WORK ORDER: The lines below, from the one containing "TODAY.com: From perfume" through the one containing "Royalty free image", should be set down exactly, with no pictures and nothing else.

EXERCISE INPUT:
···
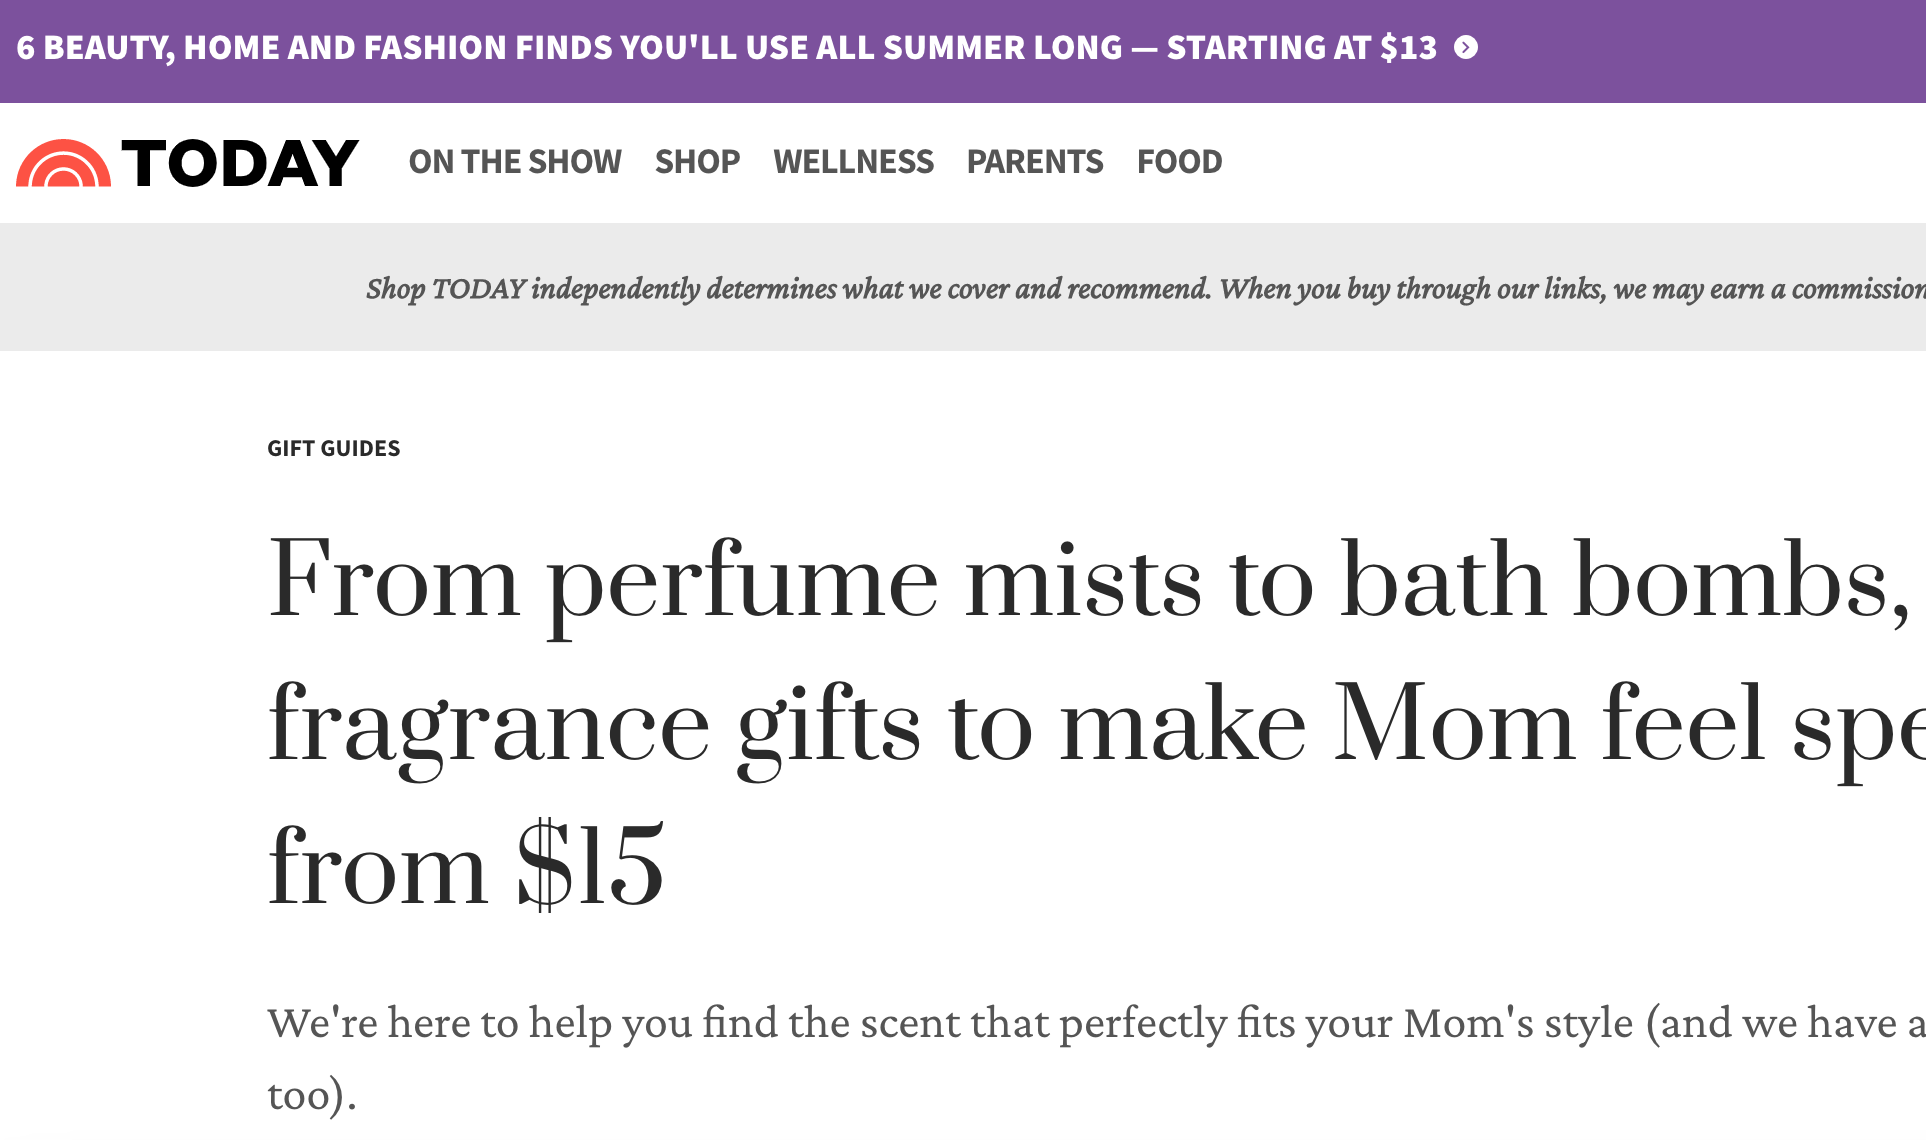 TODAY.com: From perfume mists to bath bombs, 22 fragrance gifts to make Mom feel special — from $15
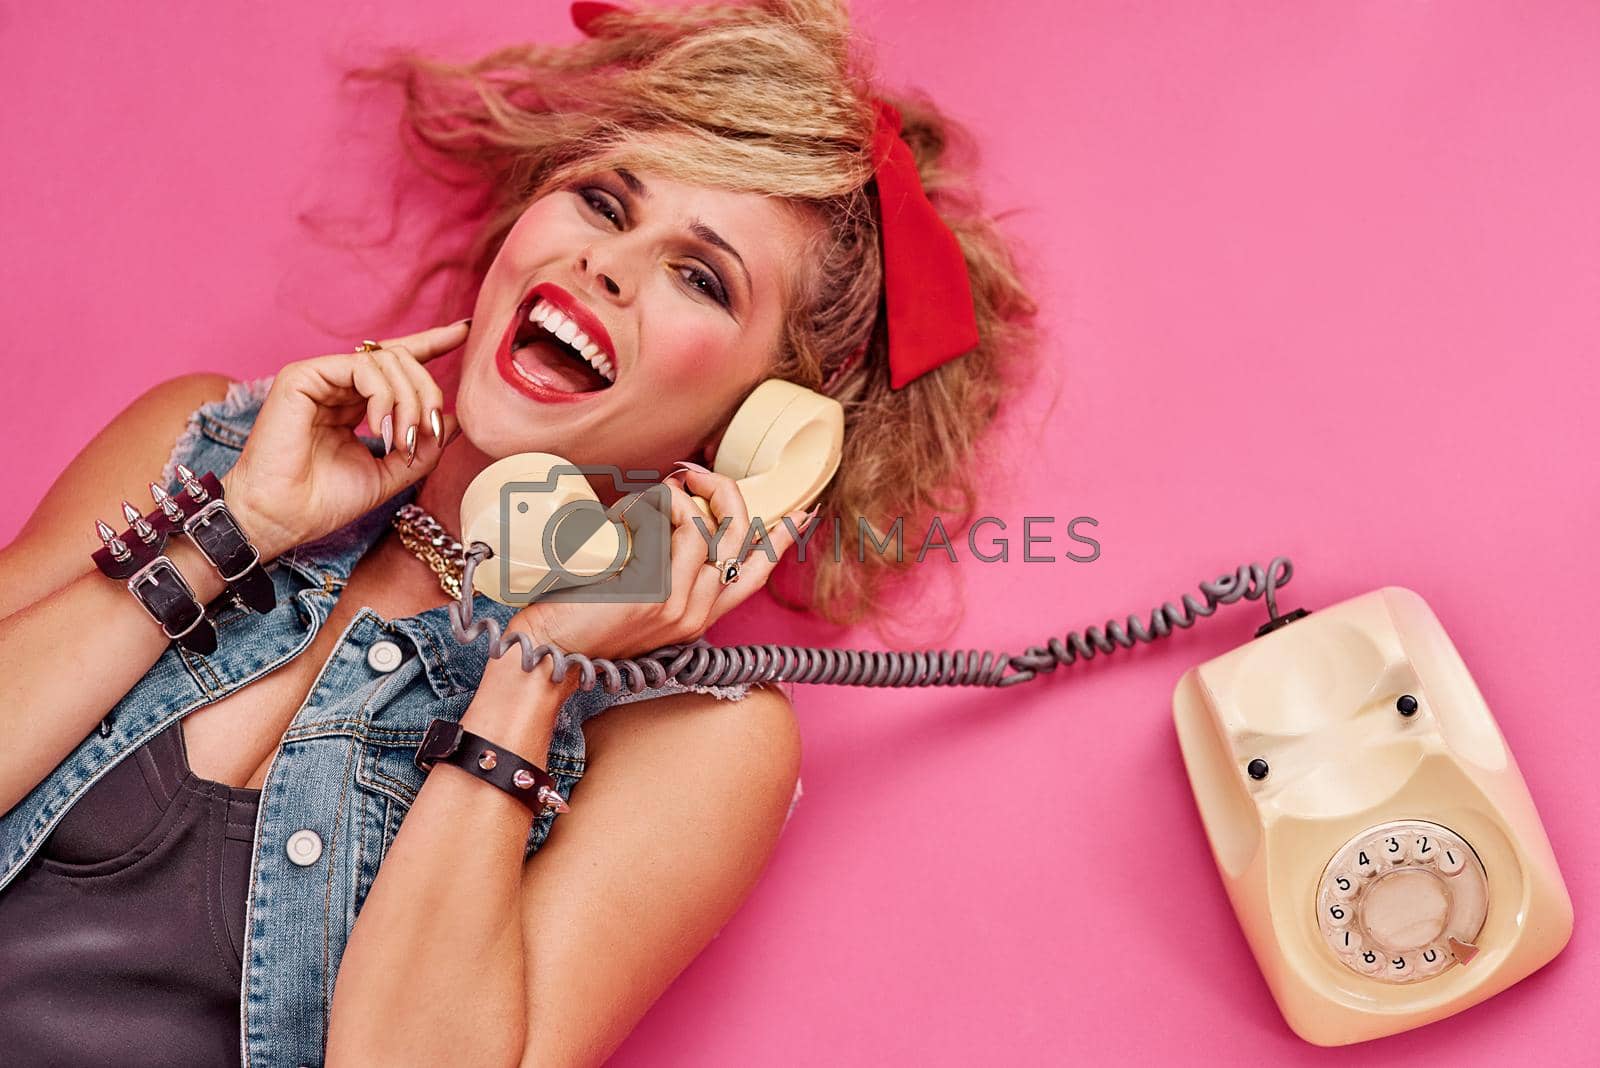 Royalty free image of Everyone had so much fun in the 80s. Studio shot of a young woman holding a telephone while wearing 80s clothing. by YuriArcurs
···
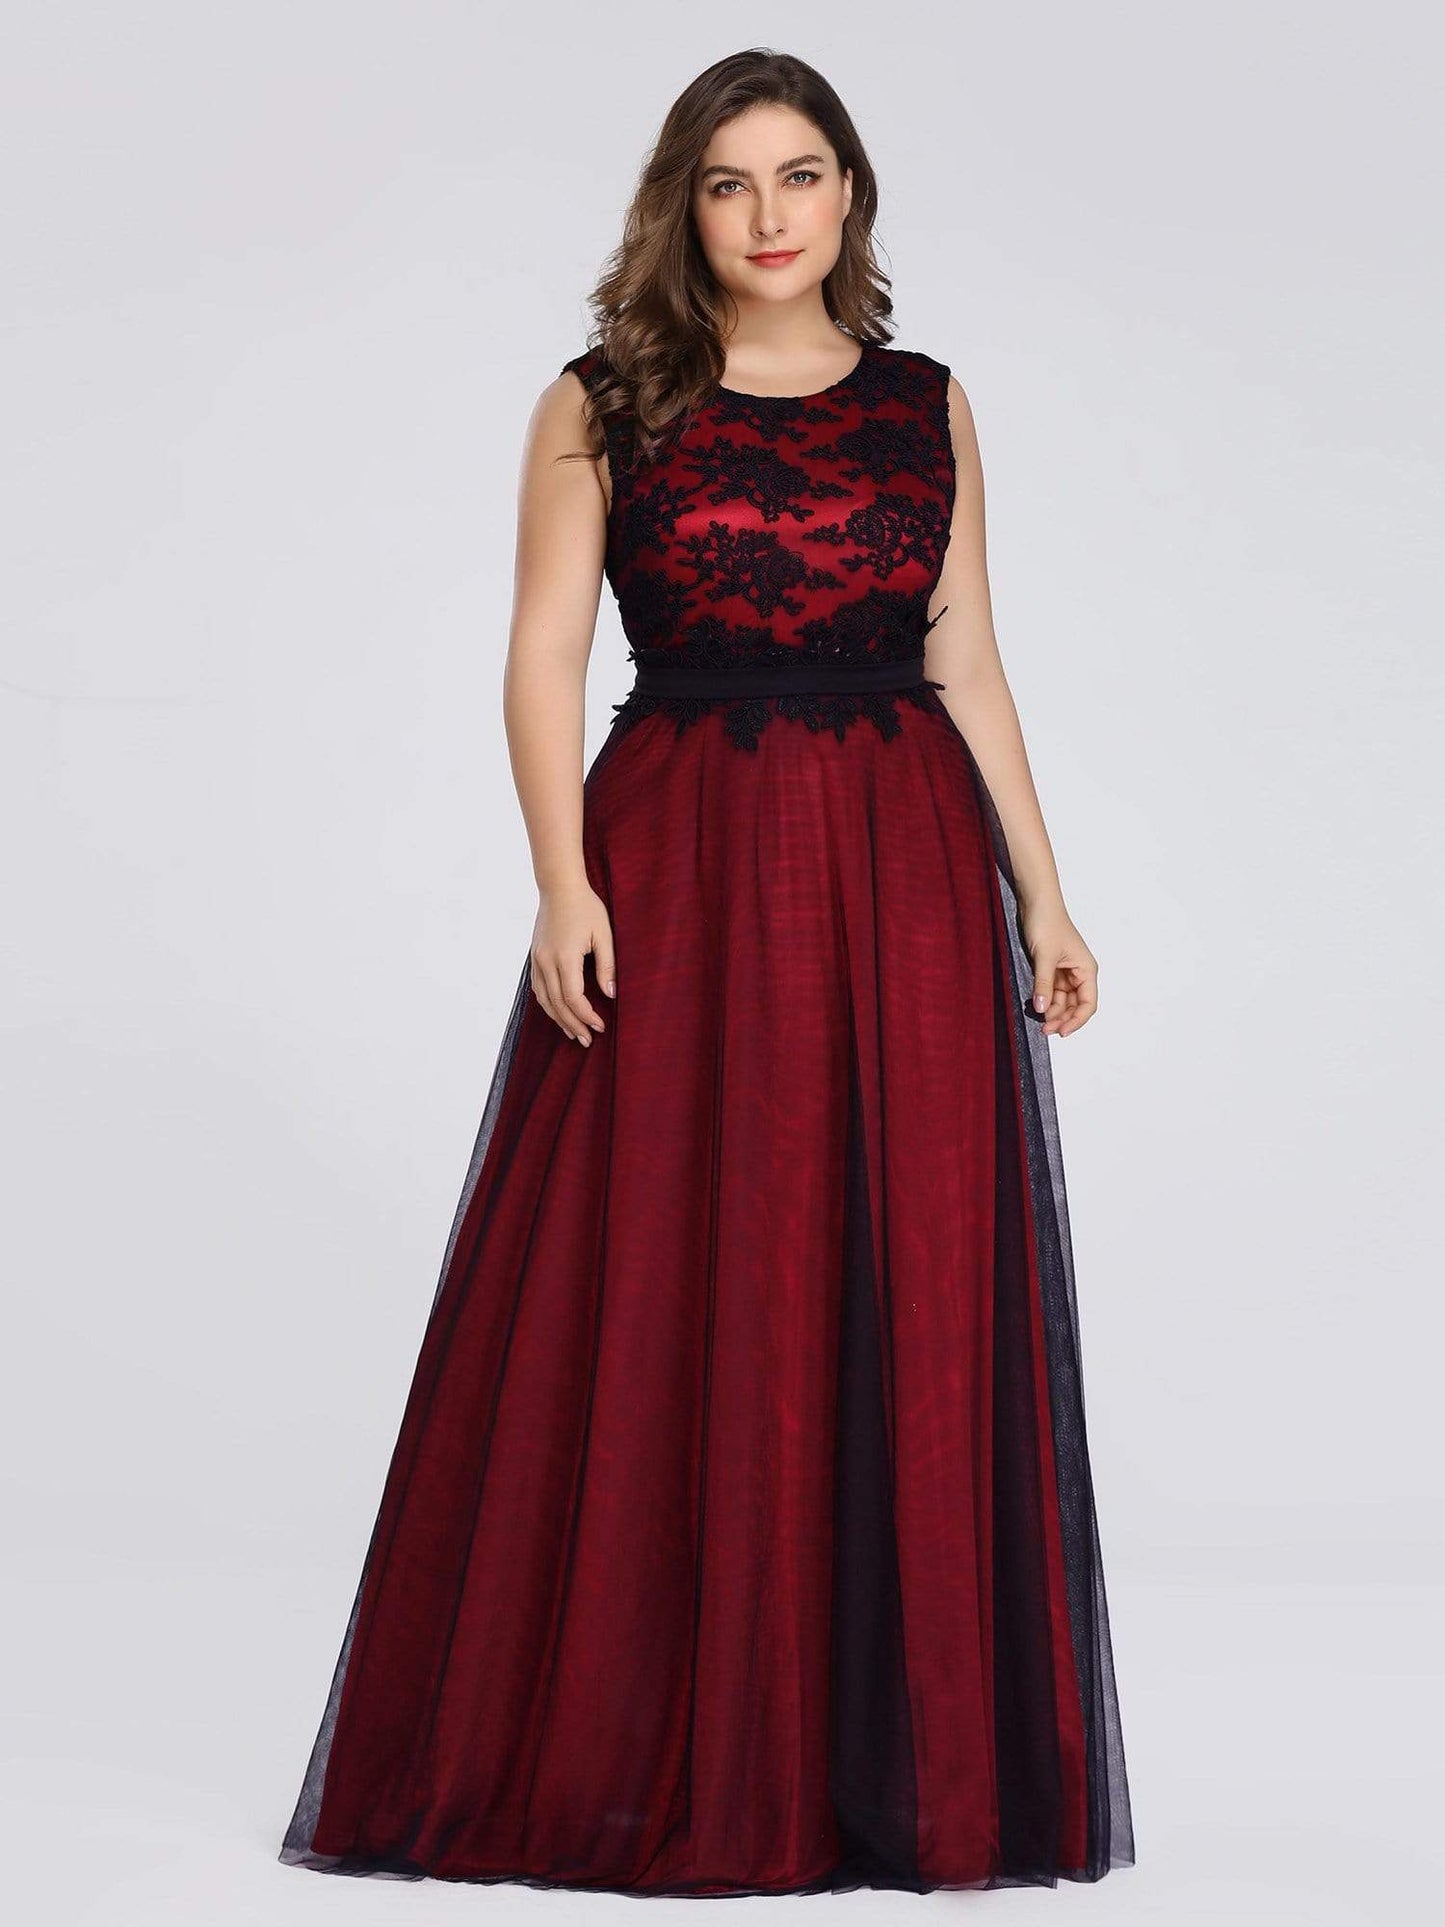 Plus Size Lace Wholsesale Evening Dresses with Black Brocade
···
RESPONSE BELOW:
 TODAY.com: From perfume mists to bath bombs, 22 fragrance gifts to make Mom feel special — from $15
 Royalty free image of Everyone had so much fun in the 80s. Studio shot of a young woman holding a telephone while wearing 80s clothing. by YuriArcurs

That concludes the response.